H5 depth tuple mismatch: If training fails with an H5 path error where the trainer tries to open a camera directory such as /data/aicity_root/train/<scene>/Camera, run models/sparse4d/scripts/normalize_depth_paths.py --data-root <host-aicity-root>/train <converted-ann-dir> after dataset_convert and before train/evaluate/inference. The helper rewrites converted depth_map_path tuples to point at <scene>/depth_maps/<camera>.h5 with the H5 dataset key basename.

Missing anchor file: Set model.head.instance_bank.anchor to the anchor_init.npy path from dataset_convert results.

Temporal OOM: Reduce dataset.num_frames or dataset.batch_size if running out of memory during temporal training.
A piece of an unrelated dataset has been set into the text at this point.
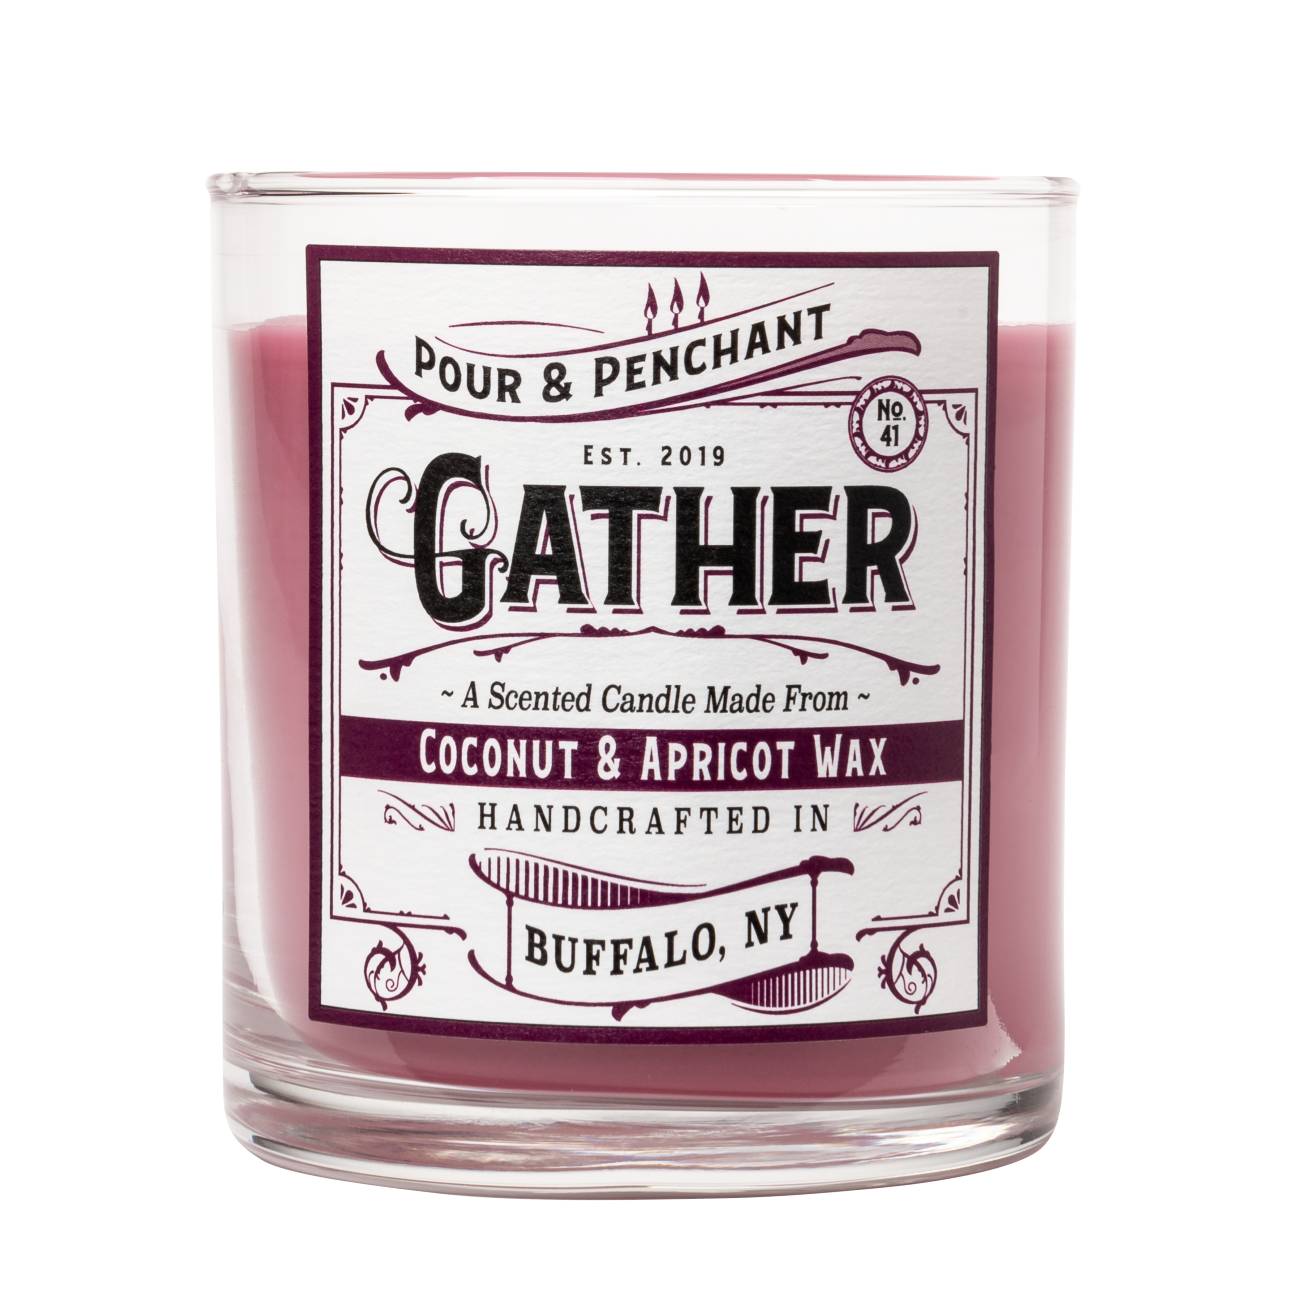 Pour & Penchant 10 oz Scented Candle - GATHER no.41 - Mediterranean Fig, Currant & Wood

Quantize image compatibility: The model-skill wiring should pass quantize.model_path through the parent-model resolver, and checkpoint handoff should select the exact epoch/step checkpoint just like evaluate, inference, export, and resume. TorchAO checkpoint quantization passes in the validation-fixes-20260525 PyT image and writes quantized_model_torchao.pth. Older 7.0.0-rc PyT images may fail inside the Sparse4D quantize entrypoint or lack ONNX quantization dependencies; do not remove or skip the advertised quantize action if that occurs. Report the container/image failure and keep the exact checkpoint path visible.

Spec Param / Parent Model Inference

See references/spec_param_inference.md for the model-specific inference mappings from TAO Core sparse4d.config.json (the per-action spec-field to inference-function table) and the parent_model/parent_job_id checkpoint-resolution rules that generated runners apply with SDK helpers before create_job().